Virtually every seller of goods or services - except professionals such as doctors and lawyers - seems to be engaged in price cutting, a practice that can, in fact, kill your brand or bankrupt your company. Consider these five reasons to limit price cutting...
1. Price cutting is not sustainable. One of the best reasons to avoid continued discounting - aka price cutting by its more acceptable name - is that price cuts can't last. Not for any prolonged period. Competing companies will tell you it costs them about the same to produce their basic product. Example: Every 1-pound loaf of bread requires approximately the same ingredients...flour, water, yeast, a touch of salt. It's how those ingredients are blended and baked that creates the different types of breads.
2. Continued low pricing creates expectations of prices going lower yet. That's because the original low price quickly become a product's generally accepted "regular" price, and consumers seldom fall in love with "regular" priced items. They want - they actually expect - prices to take frequent dips...or they delay buying.
3. Reduced pricing generates a perception of reduced quality. While they may be grateful for the savings, customers tend to think that something which continually sells for less than its competition can't possibly be of the same quality as its higher priced competition. And experience tells them their right. Take house paint for instance. Cheap paint requires two coats to cover; higher priced paint generally covers in one.
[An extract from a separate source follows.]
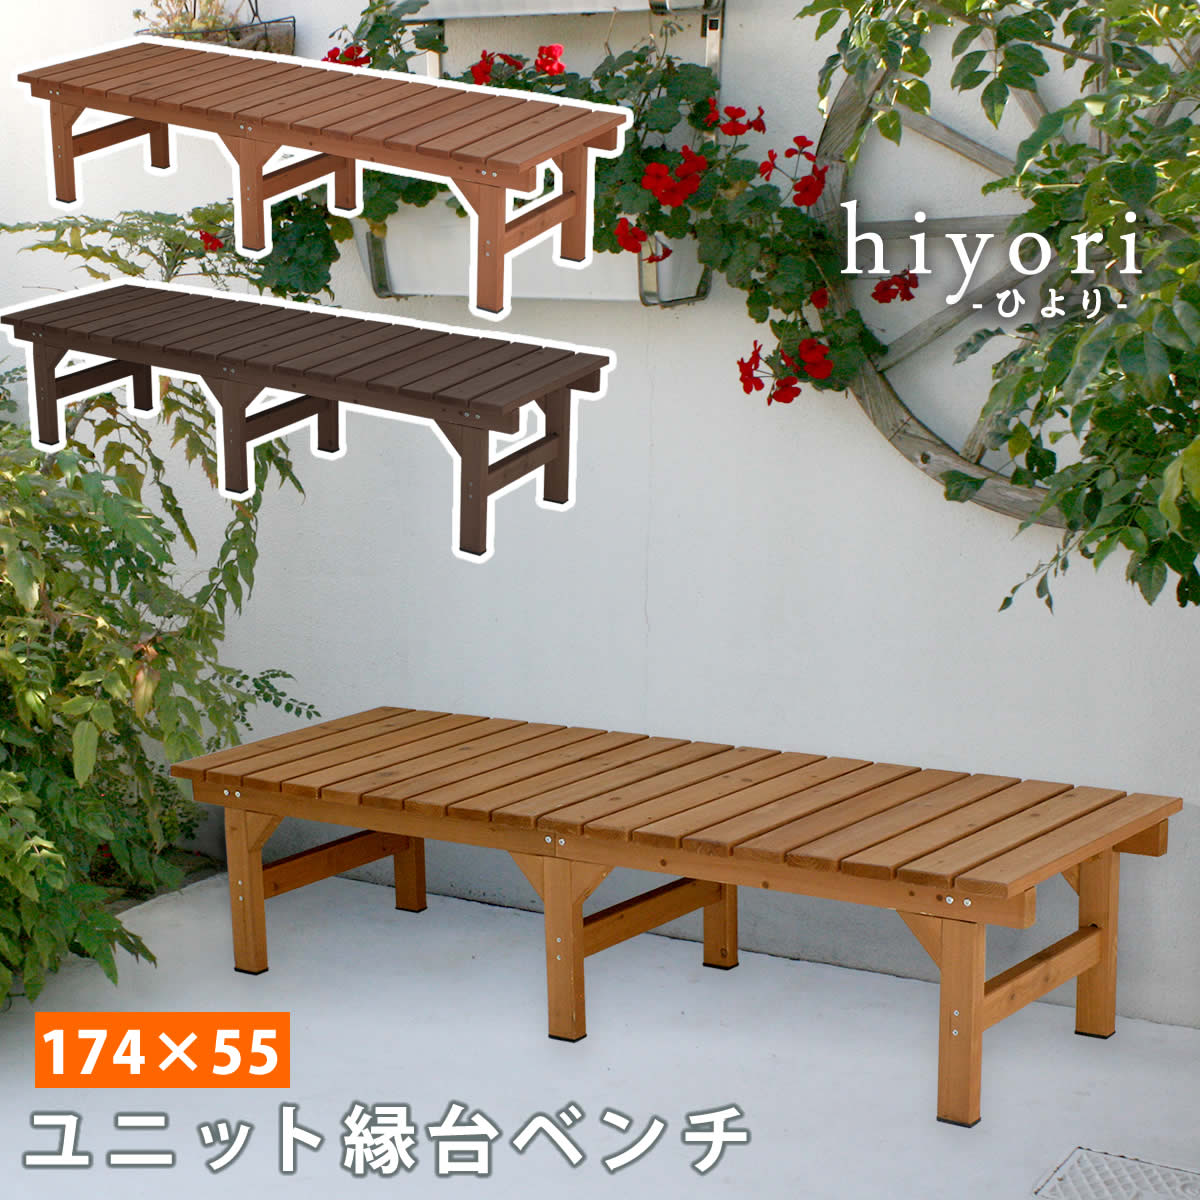 ユニット縁台ベンチ hiyori(ひより) 174×55 DE-17455

4. Brand loyalty quickly erodes when loyal customers see a price cut available to the masses. An occasional special sale - through the use of coupon and other short term price reduction offers - is acceptable and appreciated by loyal customers as long as it is short term and available to a limited audience. But announce a price cut on national TV, for example, and loyal buyers begin to question that product's quality.
5. Products continually on sale are eventually considered discount brands rather than quality brands. A prime example is a nationwide department store chain that sells private label sweatshirts with an MSRP of $38. On almost any day you visit one of their stores those sweatshirts are "On Sale!," marked down to between $18 and $22. In reality the chain has killed the goose that could have laid a golden egg.
Price cutting has its time and purpose, but it's a poor foundation on which to grow a successful company.